Five RCTs (388 patients) were included in the review and meta-analysis. All five trials reported inclusion and exclusion criteria, and comparability of groups at baseline. Four trials reported loss to follow-up and three reported randomisation techniques. Two trials performed intention-to-treat analyses and two reported cross-over. Allocation concealment and use of blinding were each only reported by one trial. None of the trials reported sample size calculations.
Compared with the SGVD group, no-SGVD groups had statistically significantly shorter operative time (mean difference -25.50 minutes, 95% CI -35.98 to -15.02; Ι²=87%; five trials) and postoperative length of stay (mean difference -0.68 days, 95% CI -0.92 to -0.45; Ι²=91%; five trials). No statistically significant differences were observed between the groups in relation to morbidity (five trials; Ι²=0%) and conversion rate (three trials; Ι²=26%).
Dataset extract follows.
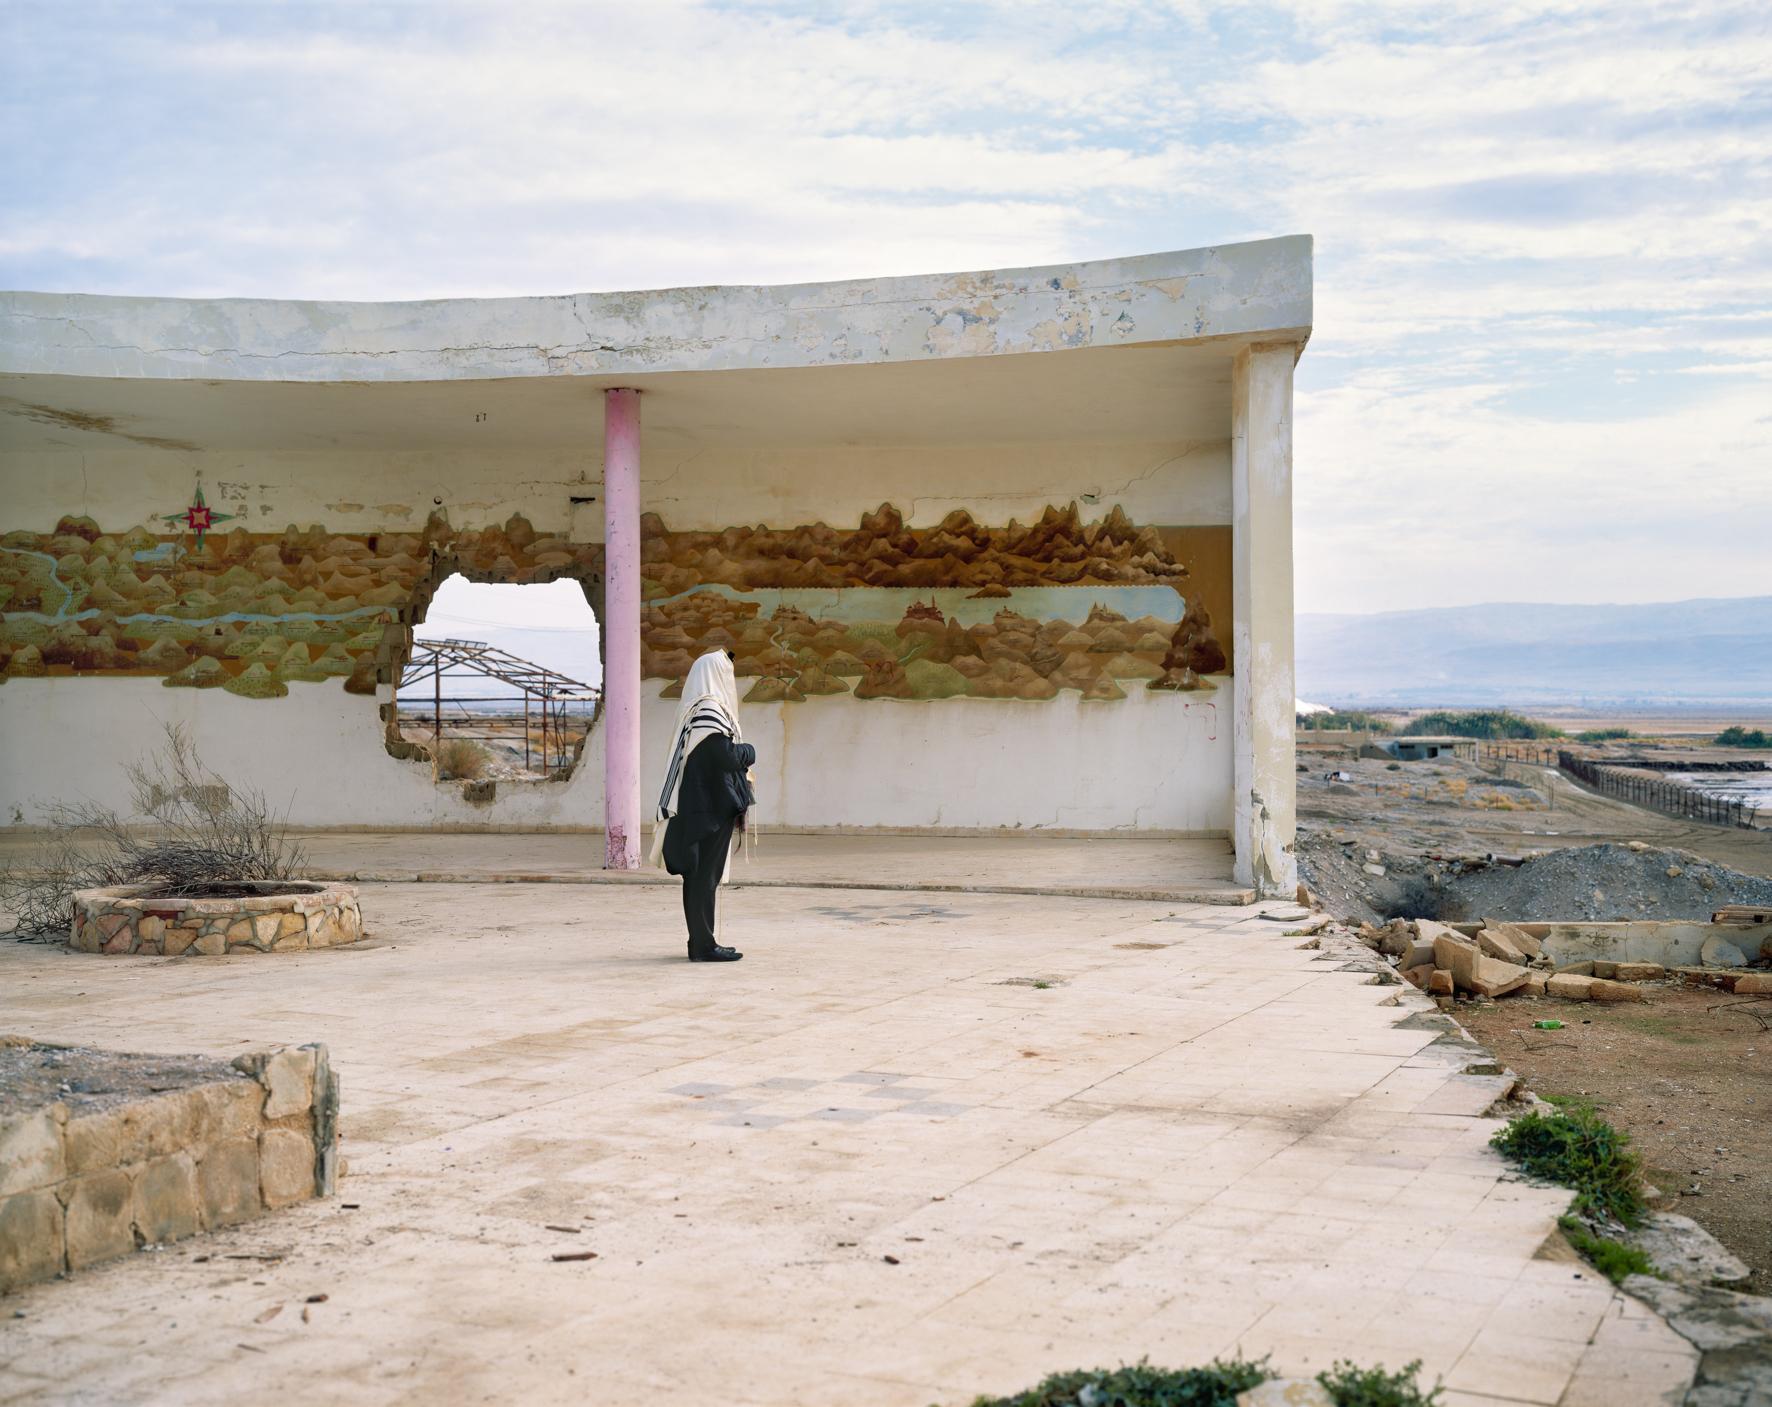 Morning Prayer, The Dead Sea Hilton, 2006. © Yaakov Israel
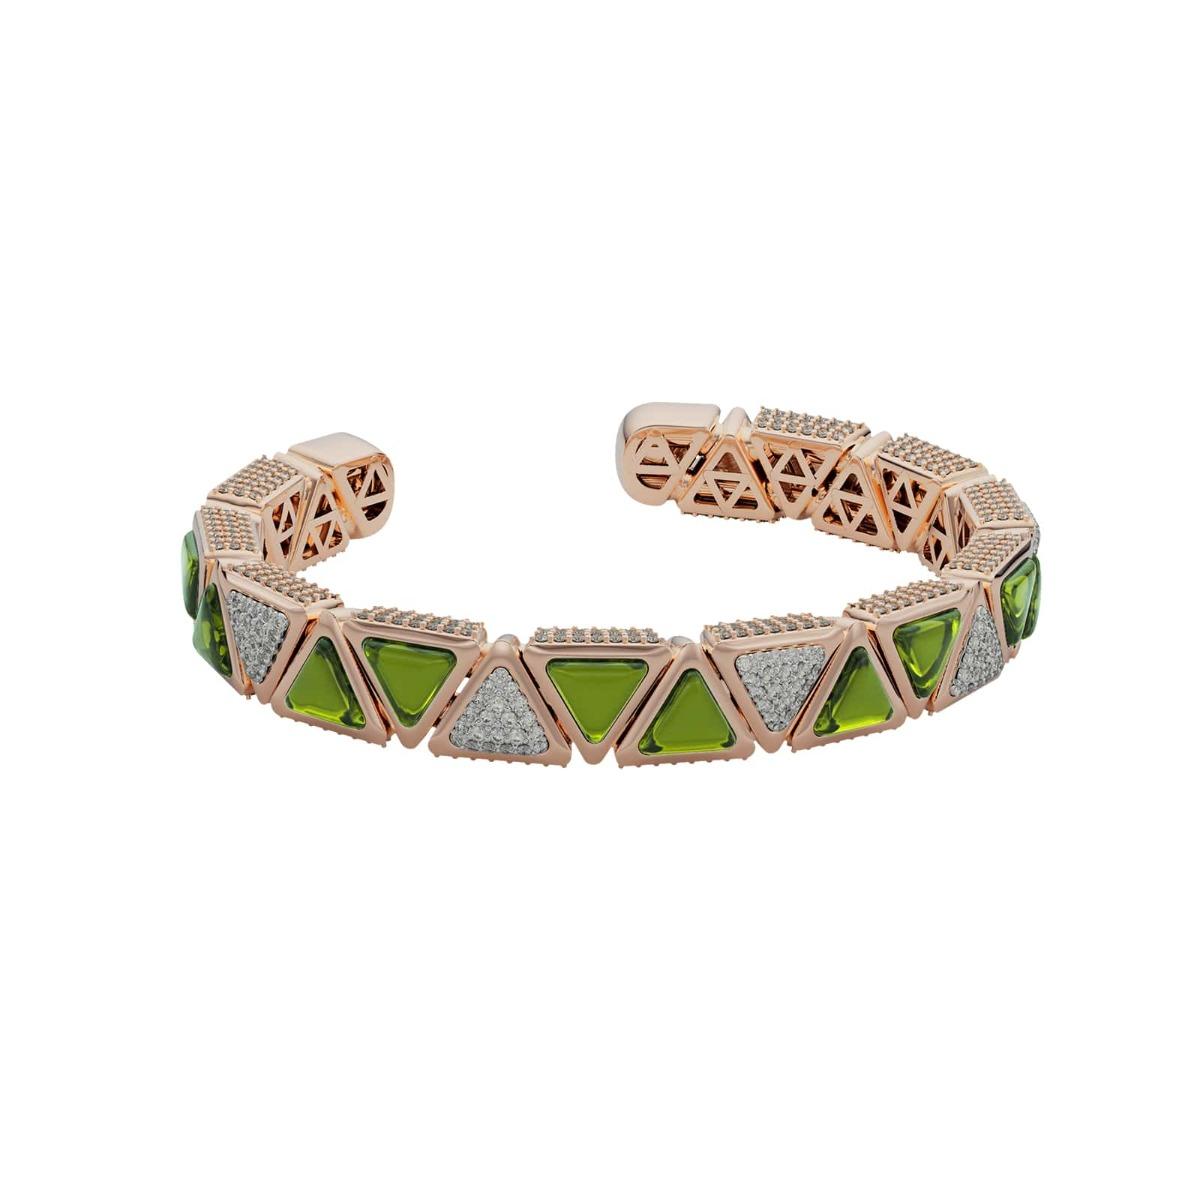 Diamond and Tourmaline Triangle Bangle Bracelet - Mirror Collection

At one-year follow-up (three trials), no statistically significant differences were found between SGVD and no-SGVD groups for incidence of dysphagia (three trials; Ι²=0%), heartburn (three trials; Ι²=0%), regurgitation (three trials; Ι²=0%) or gas bloat (two trials; Ι²=48%). Similar results were found for the same outcomes at 10 years follow-up (two trials; Ι² values were all 0%).